Peter Jackson is throwing the doors to Middle Earth wide open.
Back in New Zealand to shoot "The Hobbit," a two-part prequel to his illustrious, Oscar-winning film adaptations of JRR Tolkien's "Lord of the Rings," Jackson is using Facebook to take fans closer to the action, posting videos that take viewers behind the scenes of the film.
In his first video, he opens up the costume shop (a Wizard Workshop, as he calls it), reveals the reconstruction of vital sets and shows the intense training and scientific precision needed to capture all of his intense battle scenes. Many of the sets and fighting training sessions were the same as the first three movies, providing a look back into those three classics, as well.
Martin Freeman, perhaps best known for his role in the original UK version of "The Office," will star in the films as Bilbo Baggins, joining Elijah Wood, Ian McKellen, Cate Blanchett and Orlando Bloom in the epic series.

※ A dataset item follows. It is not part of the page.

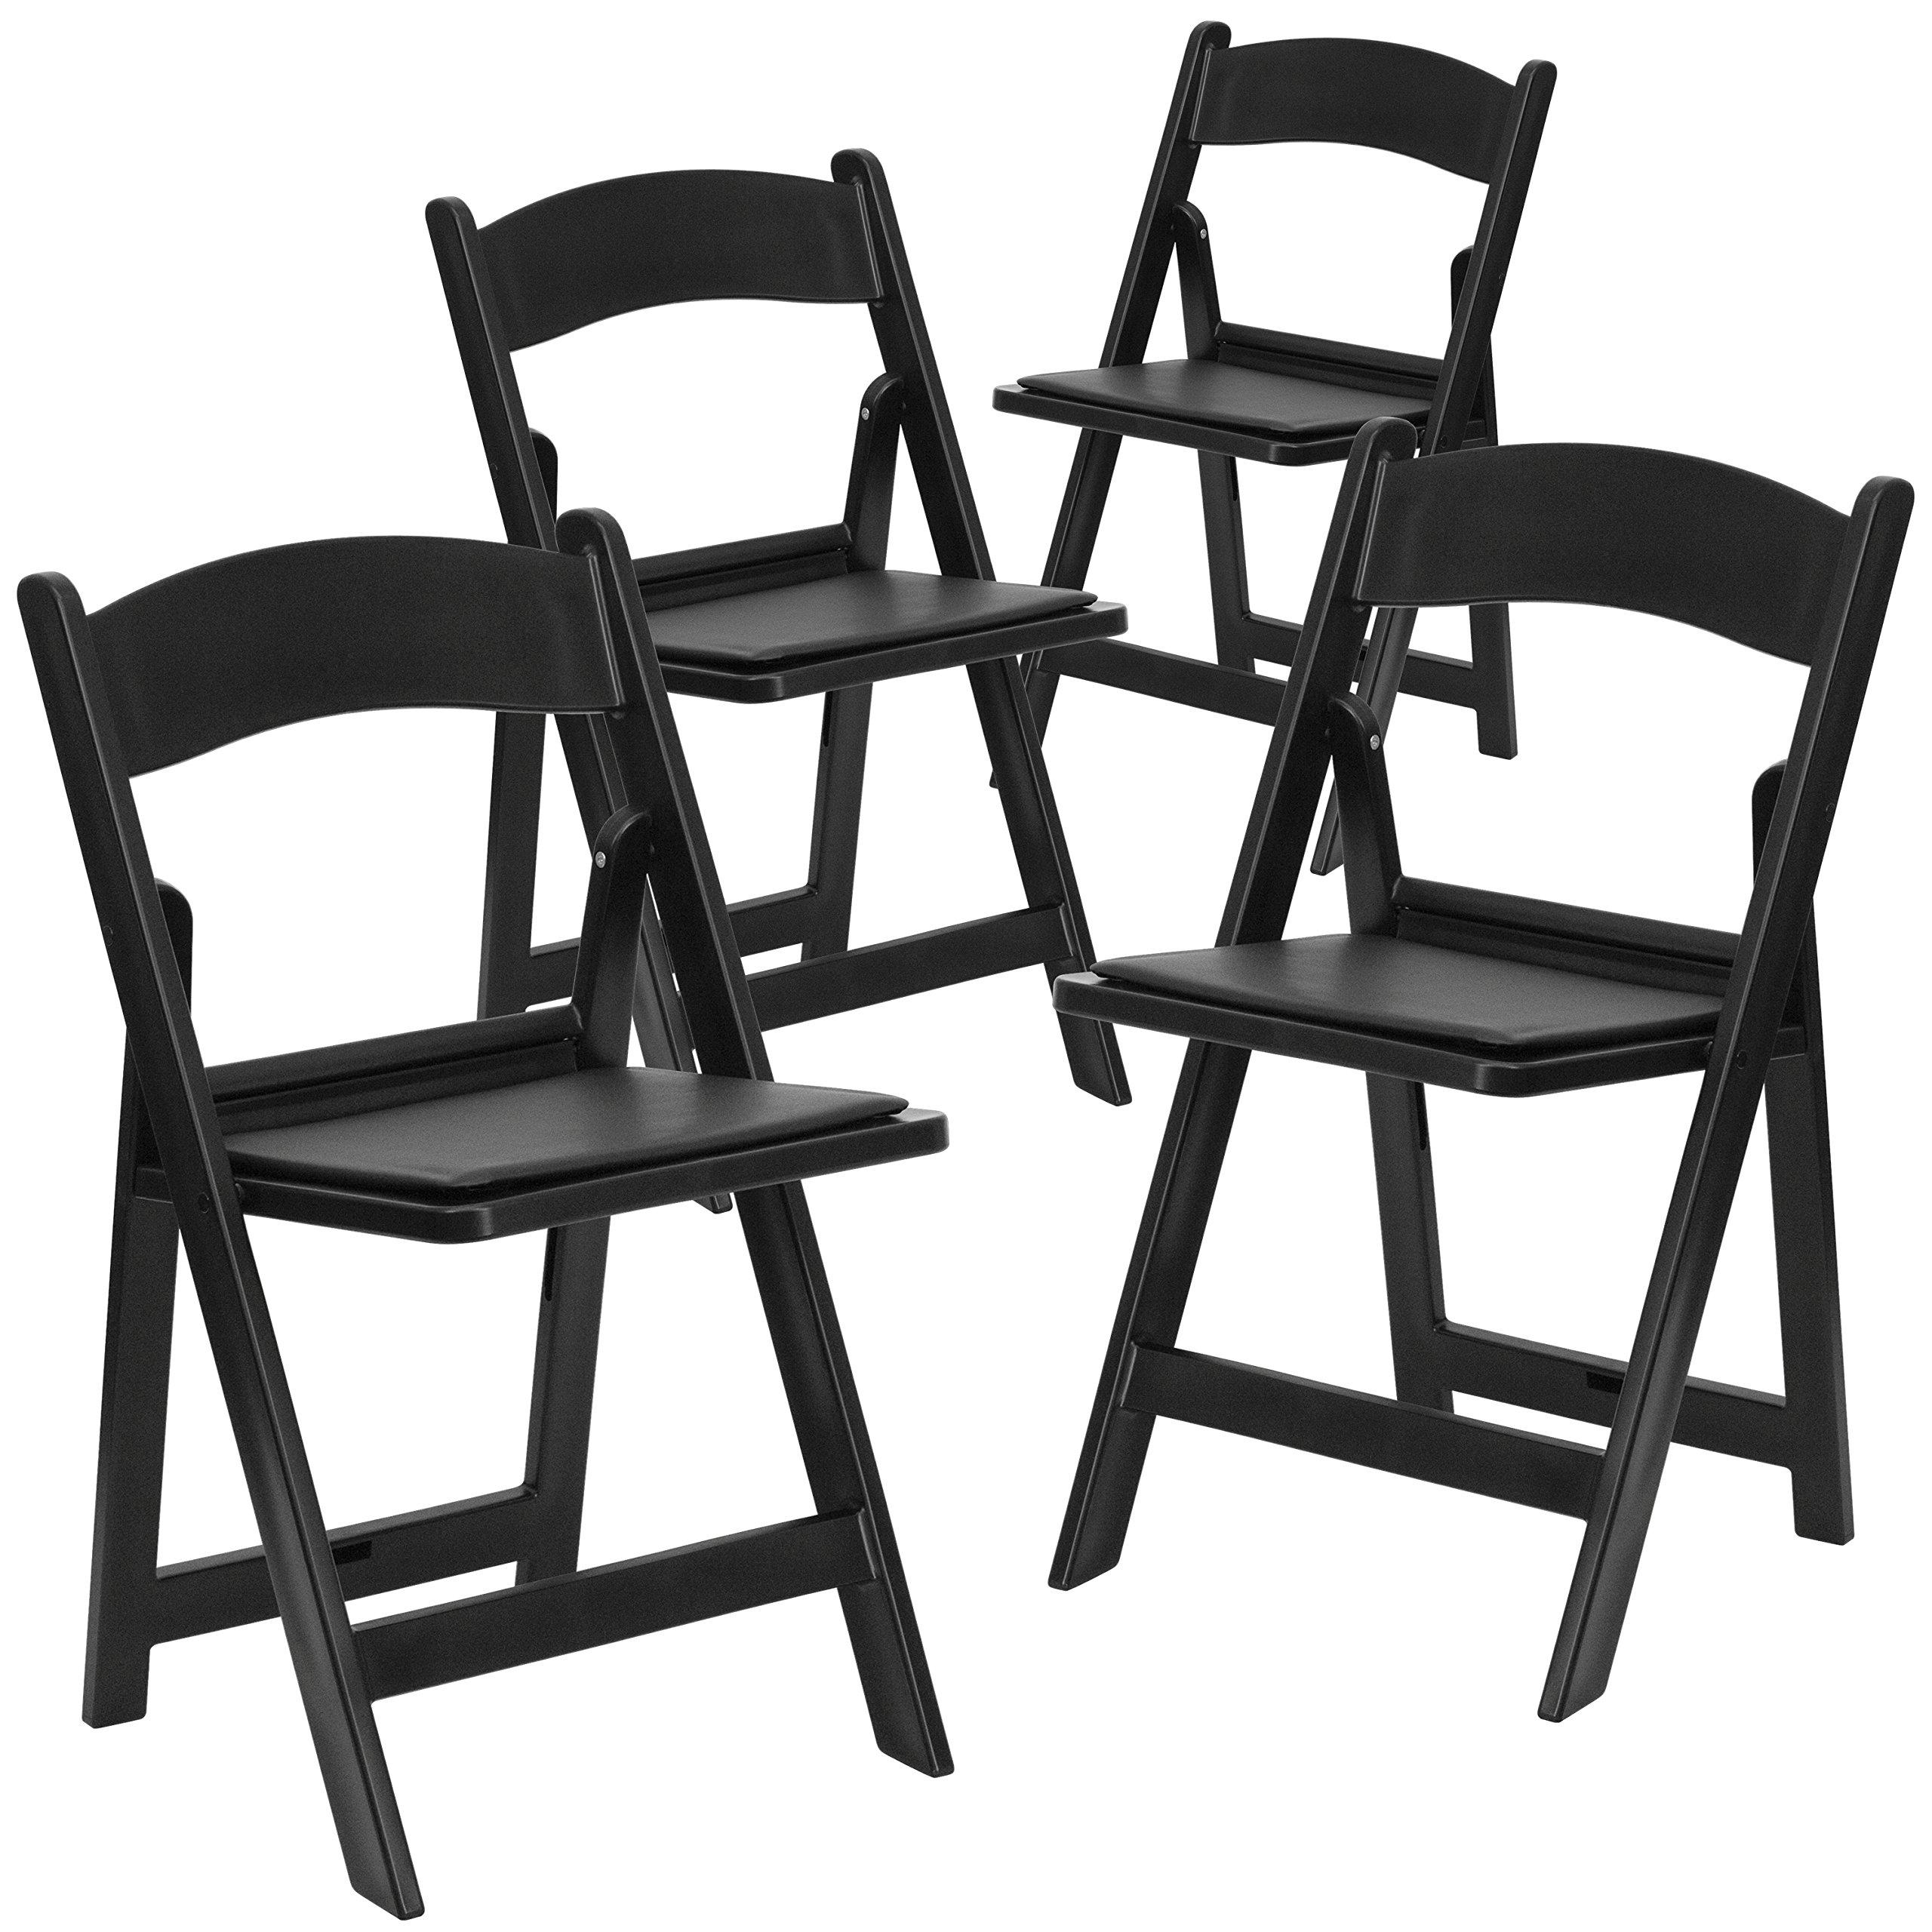 Flash Furniture 4 Pk. HERCULES Series 1000 lb. Capacity Black Resin Folding Chair with Black Vinyl Padded Seat

Bloom hasn't officially signed on yet, but says he plans on being in the film.
The director also revealed a bit of casting news for the film. In April, Rob Kazinsky had to pull out of the role of Fili for personal reasons; Jackson listed Dean O'Gorman as his replacement.
Dean's a terrific Kiwi actor, who I am thrilled to be working with. He's recently been in an excellent TV series down here called "The Almighty Johnsons", and I should let fans of that show know that our shooting schedule allows Dean to continue with a second series next year. Dean will be joining us next week.
Similarly, Jackson praised Lee Pace, newly cast as Elvin King Thranduil, father of Legolas.
Casting these Tolkien stories is very difficult, especially the Elven characters, and Lee has always been our first choice for Thranduil. He's going to be great. We loved his performance in a movie called "The Fall" a few years ago, and have been hoping to work with him since. When we were first discussing who would be right for Thranduil, Lee came into mind almost immediately.
Additionally, Hugo Weaving will play Elrond, who houses the Hobbits at a particularly crucial part of their journey.